Kyshi MoR SDK

The Kyshi MoR SDK is the official TypeScript and Node.js package for integrating with Kyshi MoR external APIs.

Use the SDK when you want typed resource methods, consistent error handling, request timeouts, retries, idempotency support, and webhook signature helpers without writing raw HTTP calls for every endpoint.

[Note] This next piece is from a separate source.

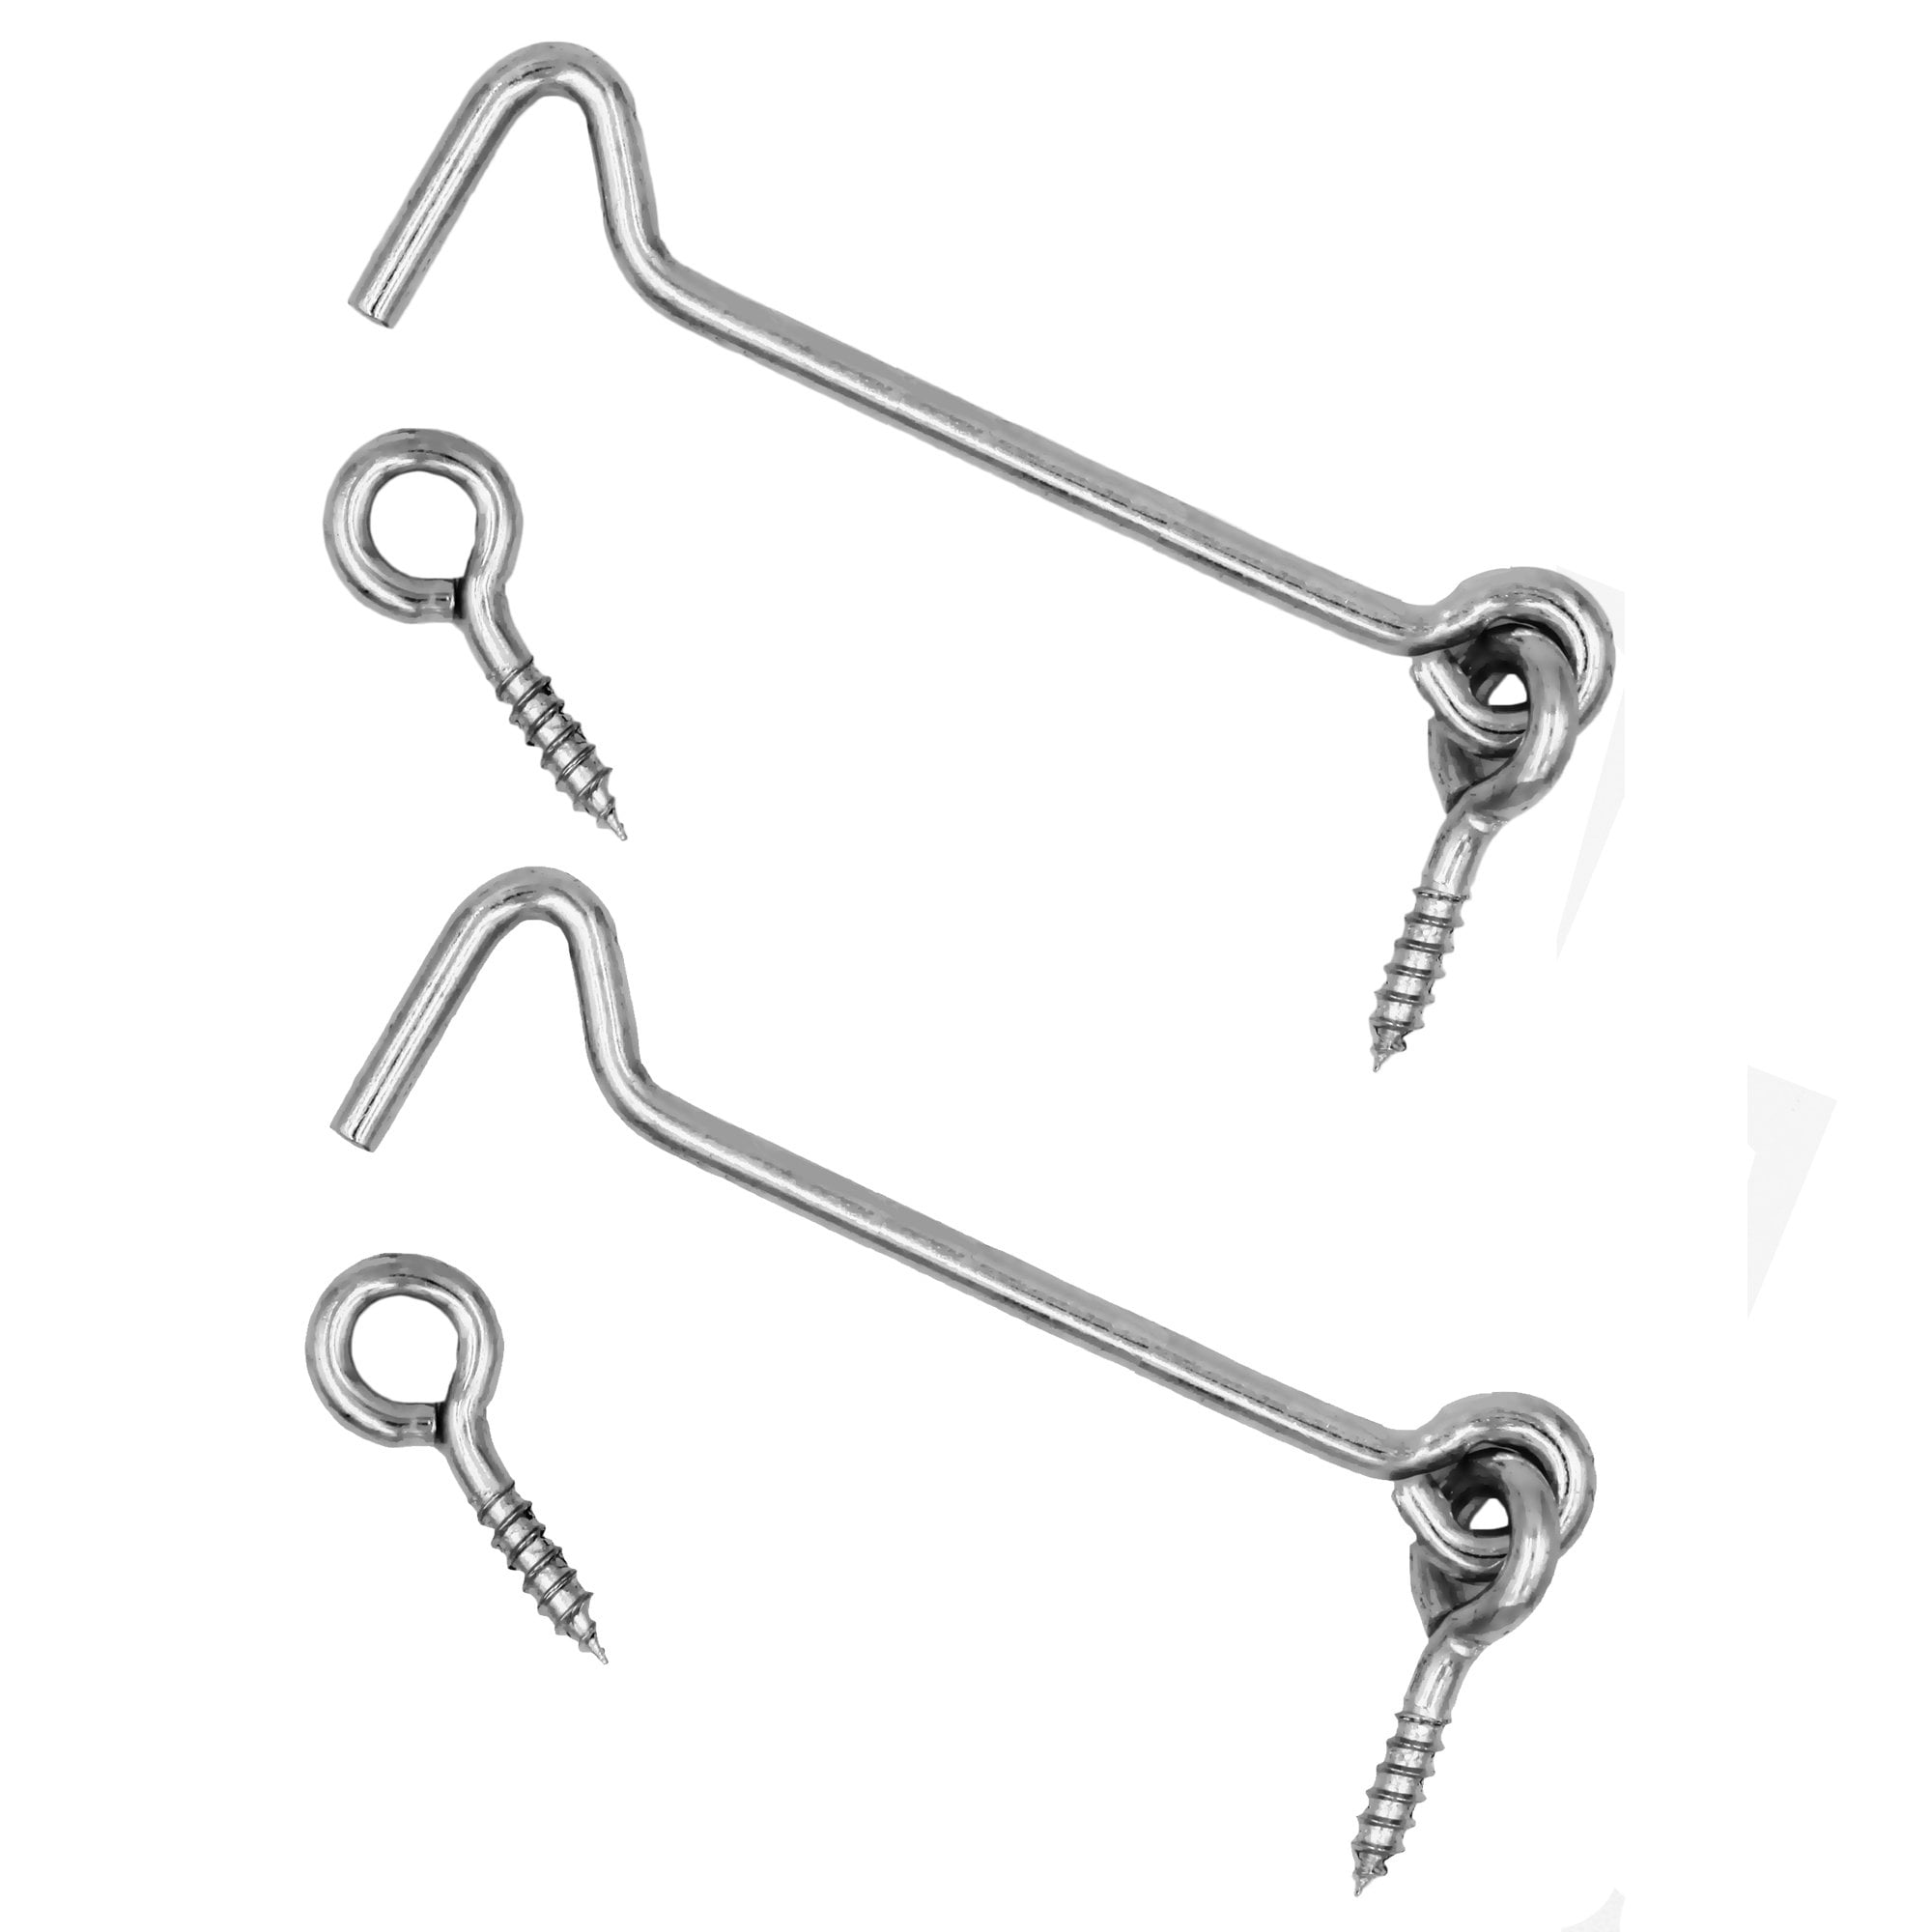 Wideskall 5 inch Heavy Duty Zinc Plated Wire Gate Hook and Eye Latch (Pack of 2)

This is a separate documentation section from the API guides and API Reference. Integrators can use these pages to learn the SDK flow, then use the API Reference only when they need exact endpoint schemas or raw HTTP details.

Who This Is For

This SDK is for backend developers integrating Kyshi MoR from JavaScript or TypeScript applications.

The SDK supports:

  • Node.js backend services
  • TypeScript applications
  • JavaScript applications
  • Serverless functions that run on a Node.js-compatible runtime

Do not use your Kyshi secret key directly in browser JavaScript, mobile apps, or other customer-facing environments.

What The SDK Covers

The SDK includes resource modules for:

  • Transactions
  • Payment links
  • General payment links
  • Transfers
  • Virtual accounts
  • Virtual account transfers
  • Plans
  • Subscriptions
  • Rates and custom rates
  • Webhook verification and webhook operations

SDK Or Raw API

Use the SDK for normal application integrations. Use the API Reference when you need exact endpoint schemas, request fields, generated cURL examples, or routes that are not yet wrapped by the SDK.

The SDK also exposes a low-level client, so you can call unwrapped routes without leaving the package.

const response = await kyshi.client.get('transactions/history', {
  query: { page: 1, limit: 10 },
});

Current Package

npm install @kyshi/mor-sdk

The first public release is 0.1.0-beta.0. During beta, install with the beta tag if your package manager does not resolve prereleases automatically:

npm install @kyshi/mor-sdk@beta

Other Languages

This release documents the Node.js and TypeScript SDK. Python, PHP, Java, Go, or other language SDKs should be released and documented as separate packages when they are available. They are not created automatically by publishing the Node.js SDK.